Staging for BigQuery
While running Burst Integrate or Bulk Refresh, HVR can put data into a temporary directory (‘staging file') before loading data into a target database. For more information about staging files on BigQuery, refer to Google BigQuery documentation.
For best performance, Fivetran HVR performs Burst Integrate and Bulk Refresh into BigQuery using staging files.
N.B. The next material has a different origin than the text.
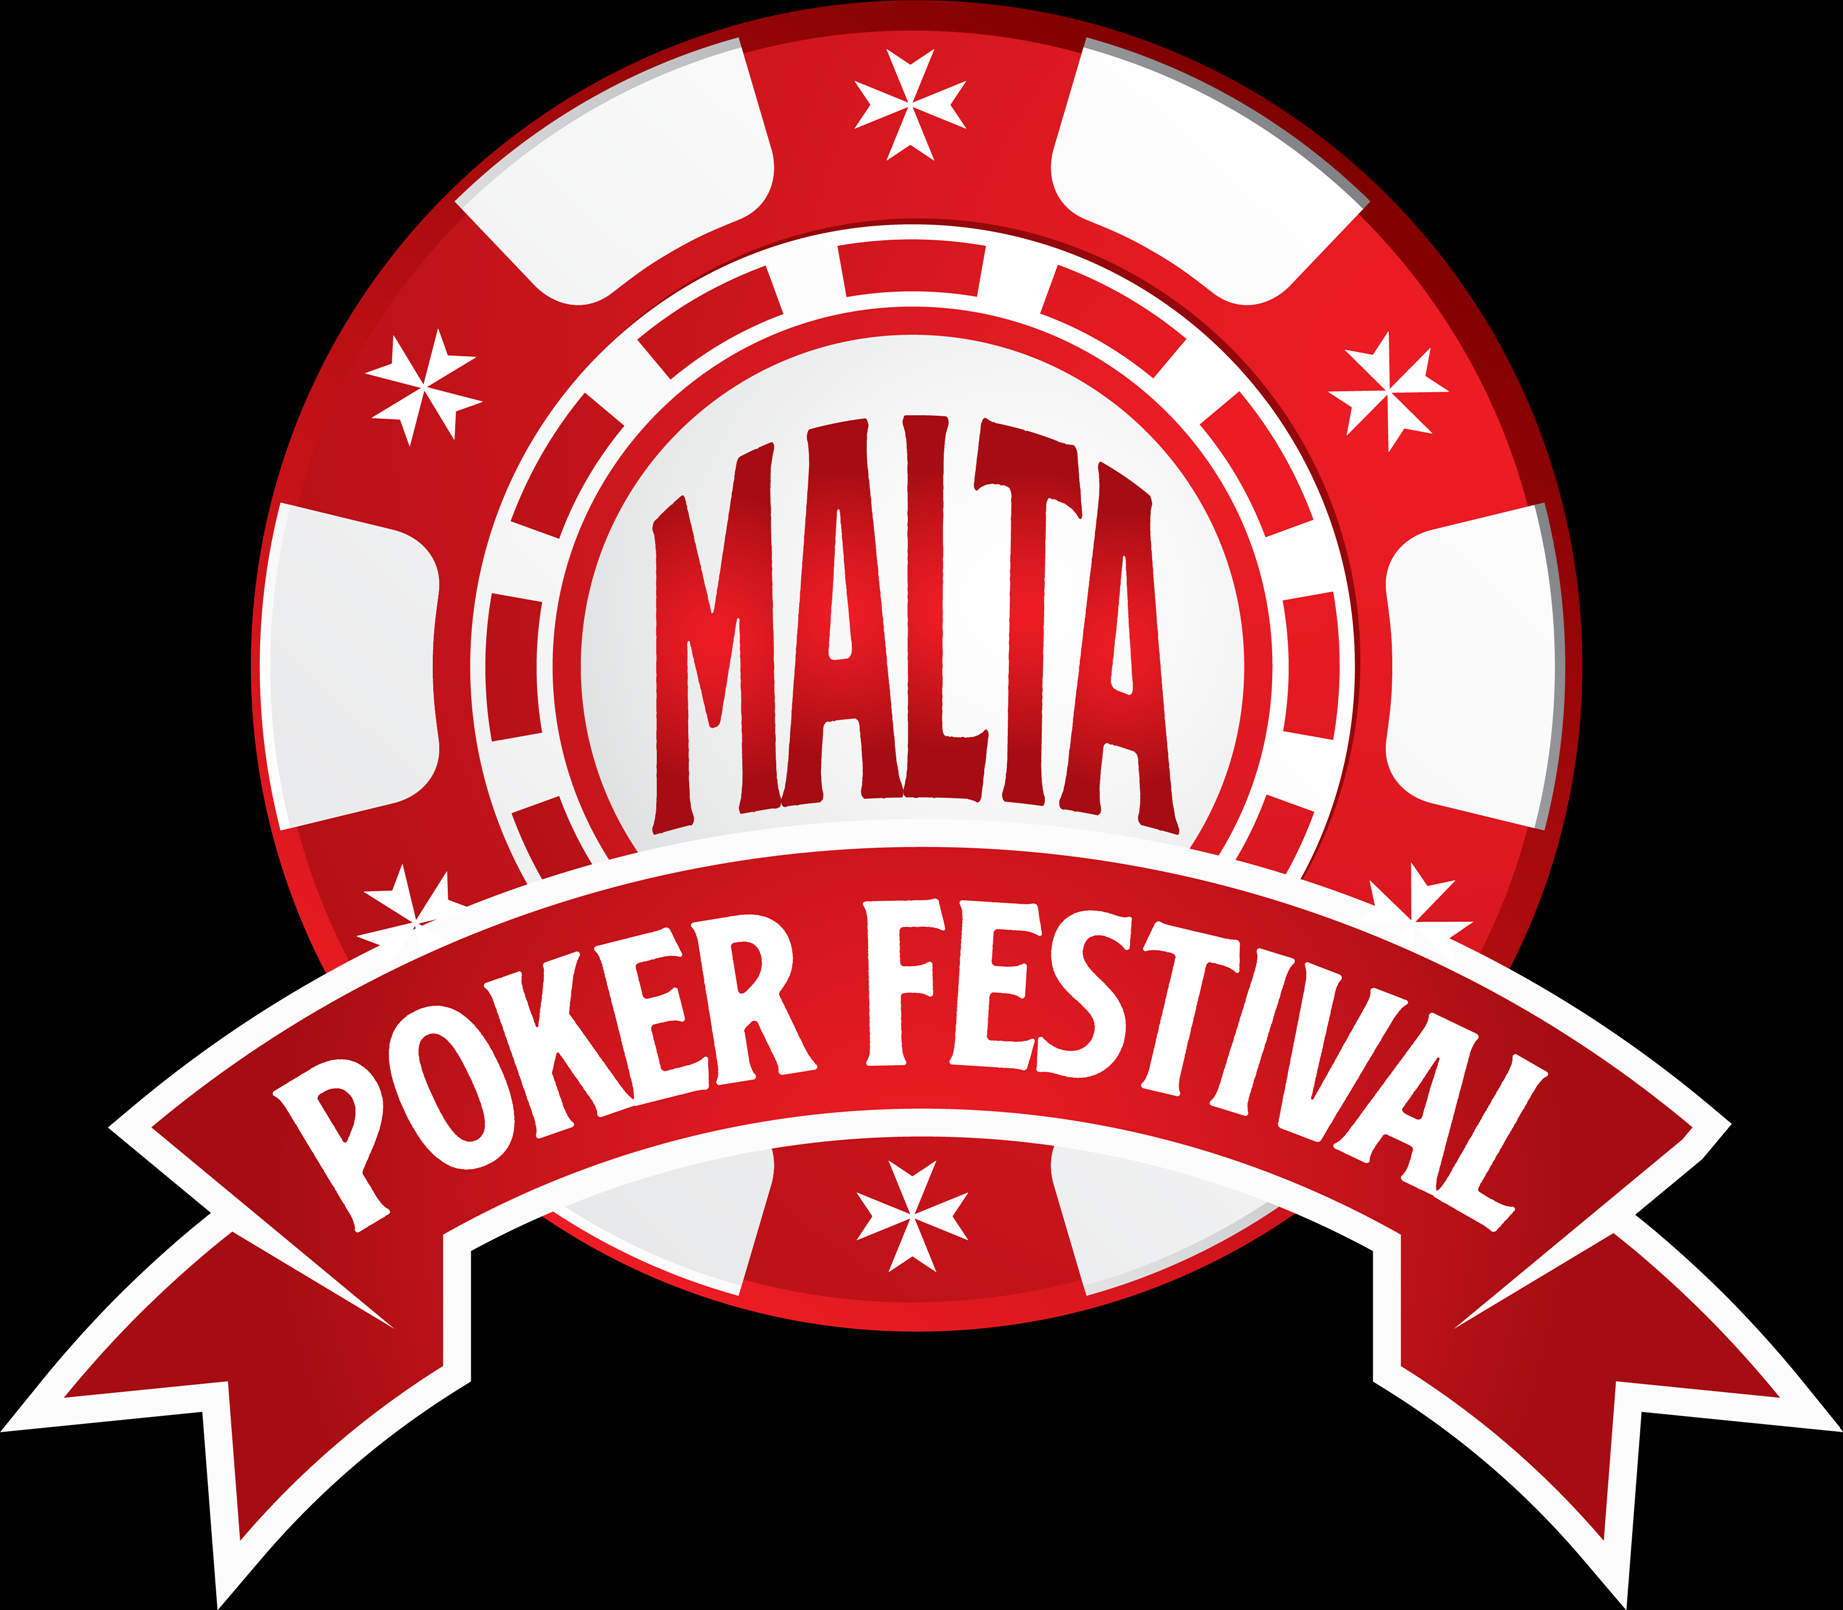 Malta Poker Festival 2018 poster

HVR implements the file staging in BigQuery as follows:
- HVR first writes data into the staging directory on Google Cloud Storage.
- HVR then uses the BigQuery SQL command
insert into
to ingest data into the BigQuery target tables from the staging directory.- To ingest data into BigQuery target, HVR pulls the compressed data from the staging directory (located on Google Cloud Storage) into a target table. A special 'external table' needs to exist for each target table that HVR loads data into. HVR will create these tables in BigQuery with names having the following patterns _ _x or _ _bx.
Configuring Staging
HVR must be configured to stage the data on Google Cloud Storage before loading it into BigQuery. For staging the data on Google Cloud Storage and perform Burst Integrate and Bulk Refresh, the following are required:
A Google Cloud Storage location (bucket) to store temporary data that are to be loaded into BigQuery.
A Google Cloud user (storage account) to access the bucket.
For the permissions required on Google Cloud Storage and Google BigQuery, refer to Google BigQuery documentation.
Define the following location properties (while creating a location or by editing the existing location's source and target properties) for the BigQuery location:
The Location Property equivalent to the UI field is shown inside (bracket) below.
- STORAGE (File_Scheme): Protocol for connecting HVR to Google Cloud Storage.
Select either of the following options:- Google Cloud Storage (HTTPS)
- Google Cloud Storage (HTTP)
- BUCKET (GS_Bucket): Name or IP address of the Google Cloud Storage bucket.
- STAGING DIRECTORY (Staging_Directory): Location where HVR will create the temporary staging files inside the Google Cloud Storage bucket (e.g. /my_staging_dir).
- STORAGE (File_Scheme): Protocol for connecting HVR to Google Cloud Storage.